Hay historias que no por conocidas dejan de resultar estremecedoras. La que me produjo anoche la misma conmoción que cuando la escuché por primera vez tiene como protagonista a un niño que, ajeno a casi todo lo que rodea y aun define sus circunstancias vitales, está a punto de salir a jugar con sus amigos. Igual que todas las tardes, abre la puerta de casa y comienza a bajar las escaleras. A la altura de uno de los rellanos, se cruza con un hombre al que no conoce. Trae una pequeña maleta, como si volviera de un viaje, pero lo que al niño le llama la atención es su enclenque figura, baja y desgarbada, y sus facciones, que hacen de él un individuo feúcho y en absoluto memorable.
El niño continúa el descenso, alcanza la calle y se reúne con sus amigos en la plaza. Se olvida por completo de la inesperada presencia en el rellano y durante el resto de la tarde se entrega, con la despreocupación acostumbrada, a unos juegos cuyas reglas no admiten errores y en los que siempre queda muy claro dónde están los buenos y en qué bando se alinean los malos. Cuando el cielo empieza a oscurecerse, la voz materna pronuncia su nombre desde una de las ventanas y el niño comprende que ha llegado la hora de regresar a casa. Al abrir la puerta de su vivienda, encuentra dentro, junto a su madre, al hombre con el que se había cruzado unas horas antes en el rellano. Descubre entonces que se trata de su propio padre, a quien él nunca había visto y que acaba de regresar de la cárcel, donde estuvo encerrado varios años por su afección a una causa perdida.
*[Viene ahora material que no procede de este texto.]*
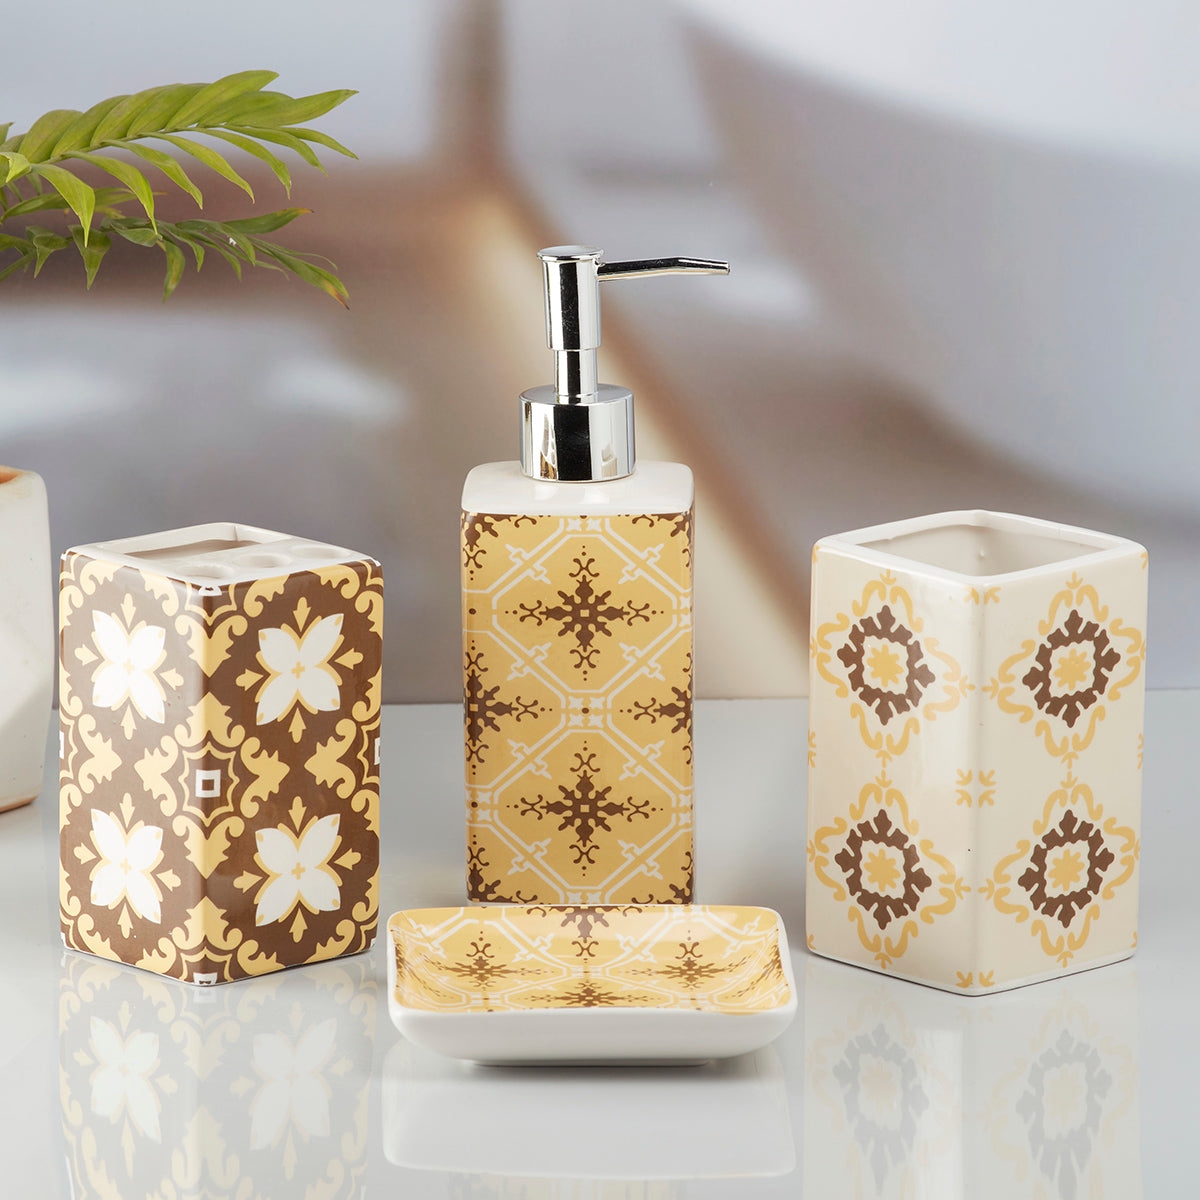 Ceramic Bathroom Accessories Set of 4 Bath Set with Soap Dispenser (10176)

El tiempo de esta historia es el de la posguerra española. El escenario, el barrio chino de Barcelona. Su protagonista, el niño que conoció a su propio padre cuando éste regresó de cumplir condena en un atardecer cualquiera de aquel tiempo tan gris, se acabaría convirtiendo en el escritor Manuel Vázquez Montalbán, que cimentó toda su obra sobre esa anécdota de infancia en la que siempre entendió que latía una verdad esencial sobre sí mismo.